Dan Powell Tells Us About Writing & Place

I'm delighted to welcome Dan Powell to the blog today - he has just given birth to his first book, the short story collection Looking Out Of Broken Windows, published by Salt, who shortlisted the book for their Scott Prize - and you can win yourself a copy, more on that below. Congratulations, Dan. It is an enormously fine collection, for which I provided him with the following quote:

‘Short stories are portholes allowing us to peek – and, with great stories, step – into other worlds. Dan Powell’s broken windows are not themselves flawed or malfunctioning, rather doorways into the fraught and fractured lives of others. Powell’s mischievous imagination takes him wherever he pleases and where it lands he weaves story so tightly, so compellingly that you are held. Not constrained by the real, Powell uses surreality and magic – a wheeling-dealing cancer, unborn twins scanning their parents-to-be, a self-starting fire – to illuminate truths with poignancy and humour, paying subtle homage to the short story masters who inspired him, from Kafka to O’Connor and Carver.’

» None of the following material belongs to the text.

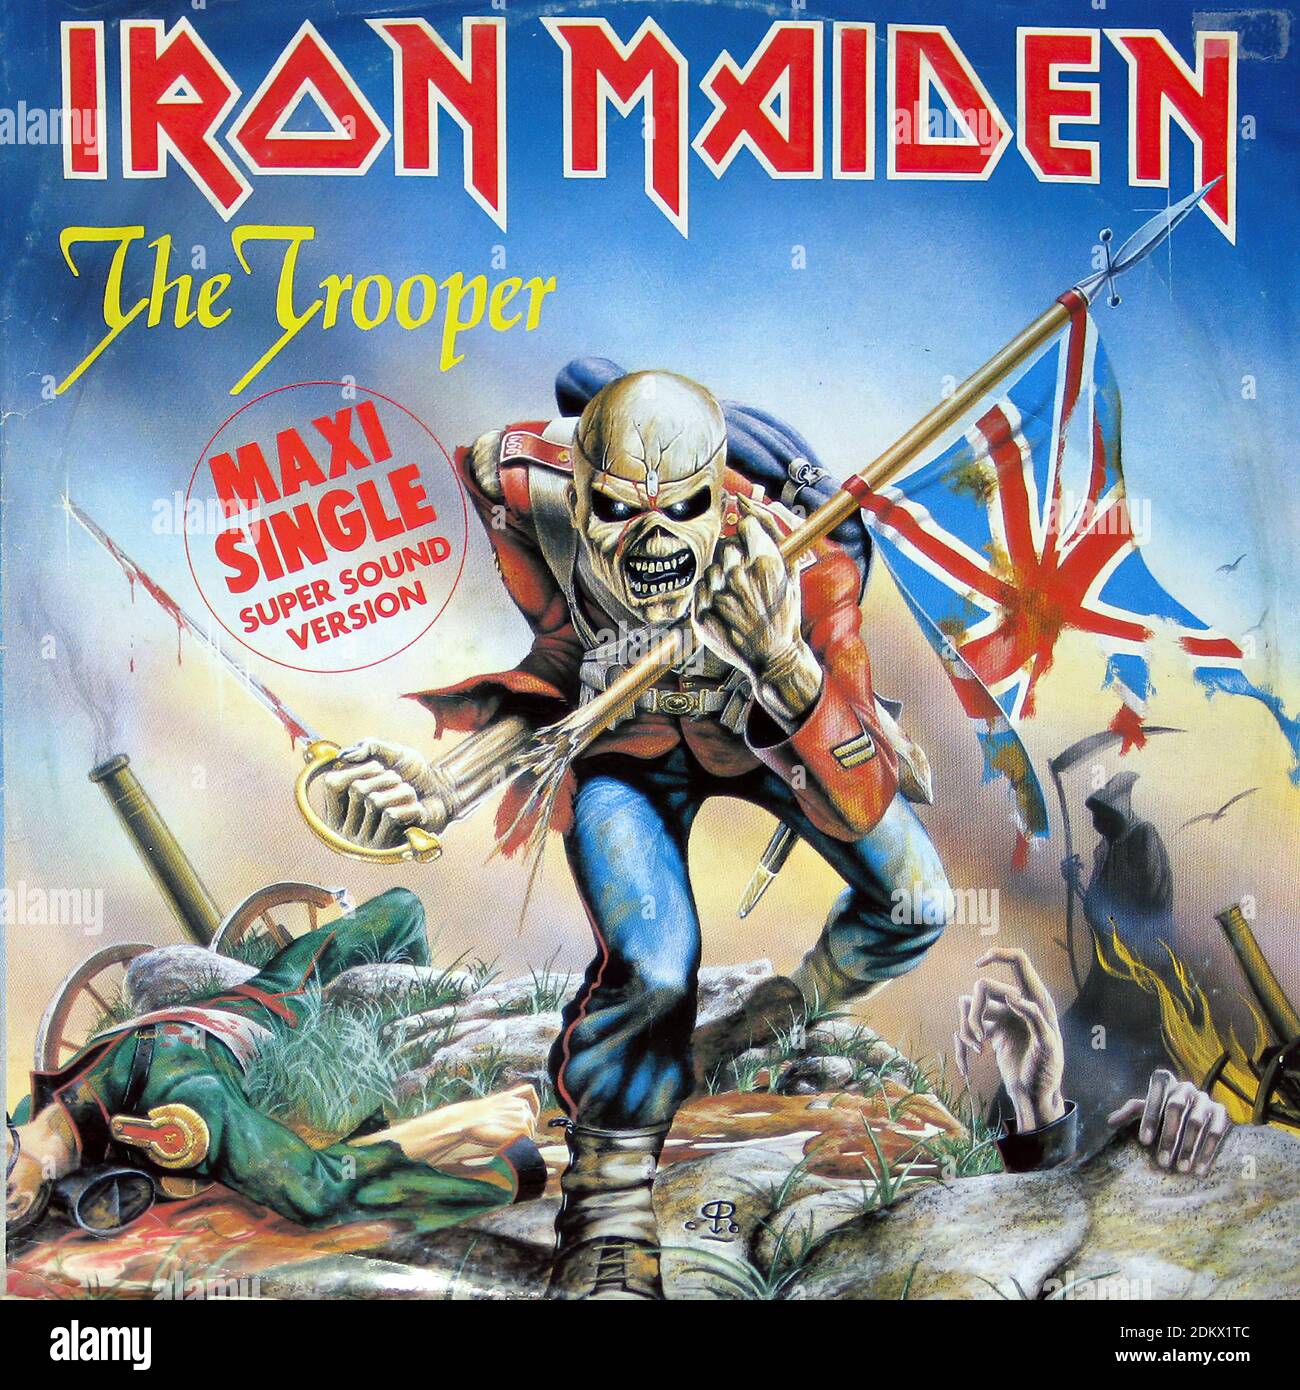 IRON MAIDEN the Trooper (12  Maxi Single) Versione Super Sound - copertina Vintage Vinyl Record Foto Stock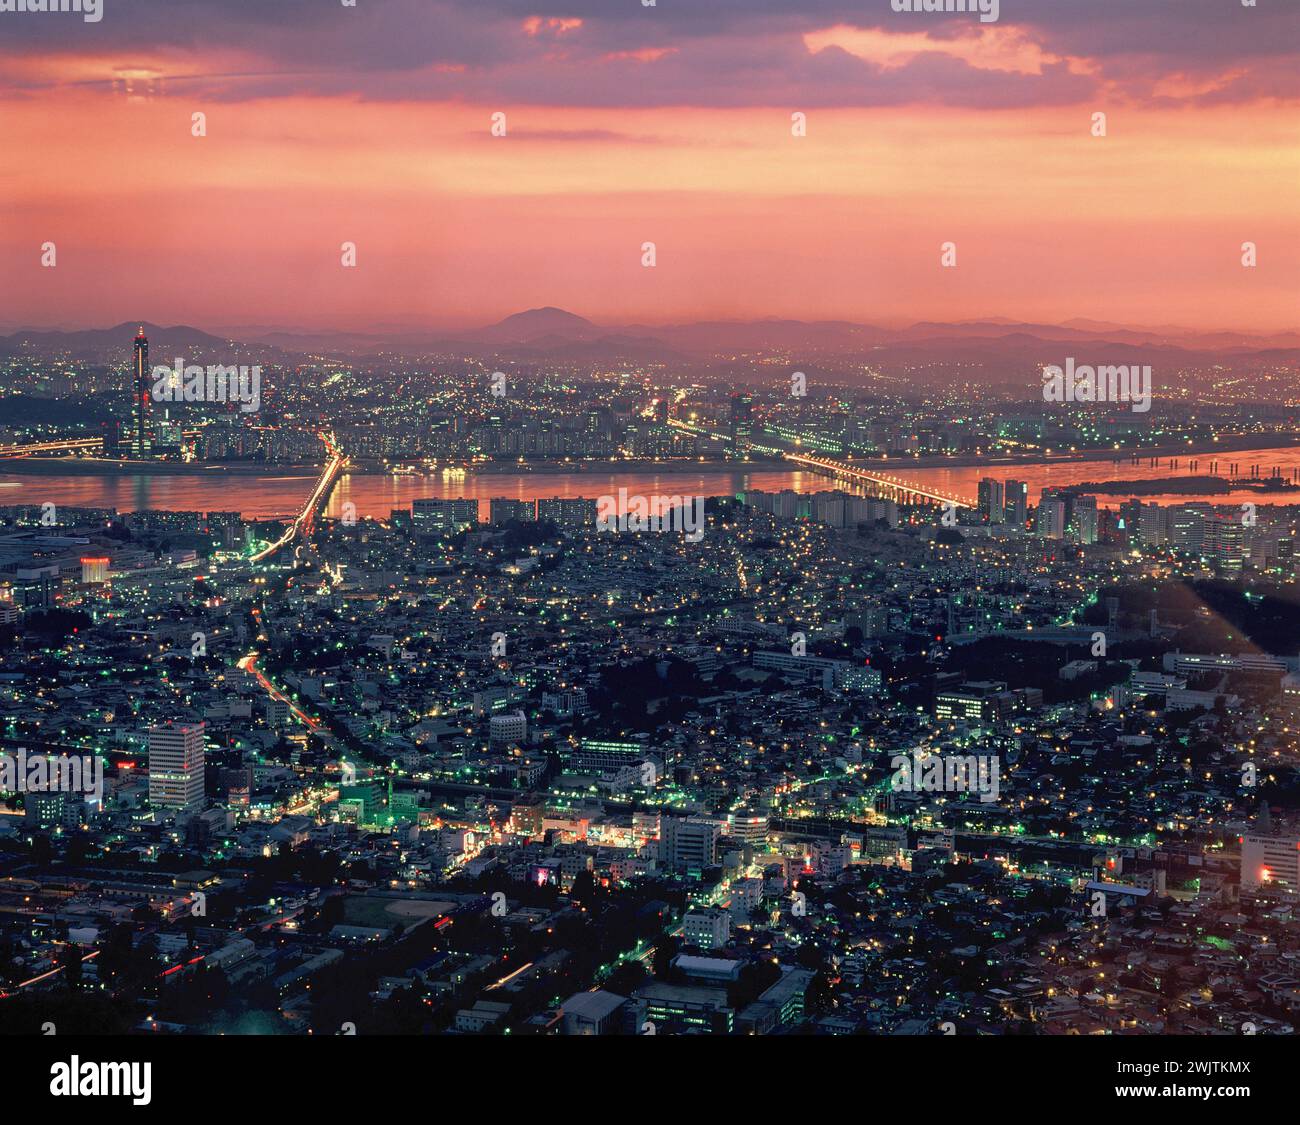 Corée du Sud. Séoul. Vue d'ensemble de la ville avec la rivière Han au crépuscule. Banque D'Images

Dan is here today to give us a peek into his writing life by answering my writing&place questionnaire. First, here's a little about Dan:

Dan Powell is a prize winning author whose short fiction has appeared in the pages of Carve, Paraxis, Fleeting and The Best British Short Stories 2012. His debut collection of short fiction, Looking Out Of Broken Windows, was shortlisted for the Scott Prize in 2013 and is published by Salt. He procrastinates at danpowellfiction.com and on Twitter as @danpowfiction.

Dan is giving away a signed copy of Looking Out of Broken Windows to one reader of the blog tour; he will post to anywhere in the world. To win just leave a comment on this post or any of the other LOoBW blog tour posts appearing across the internet during March 2014. The names of all commenters will be put in the hat for the draw which will take place on April 6th.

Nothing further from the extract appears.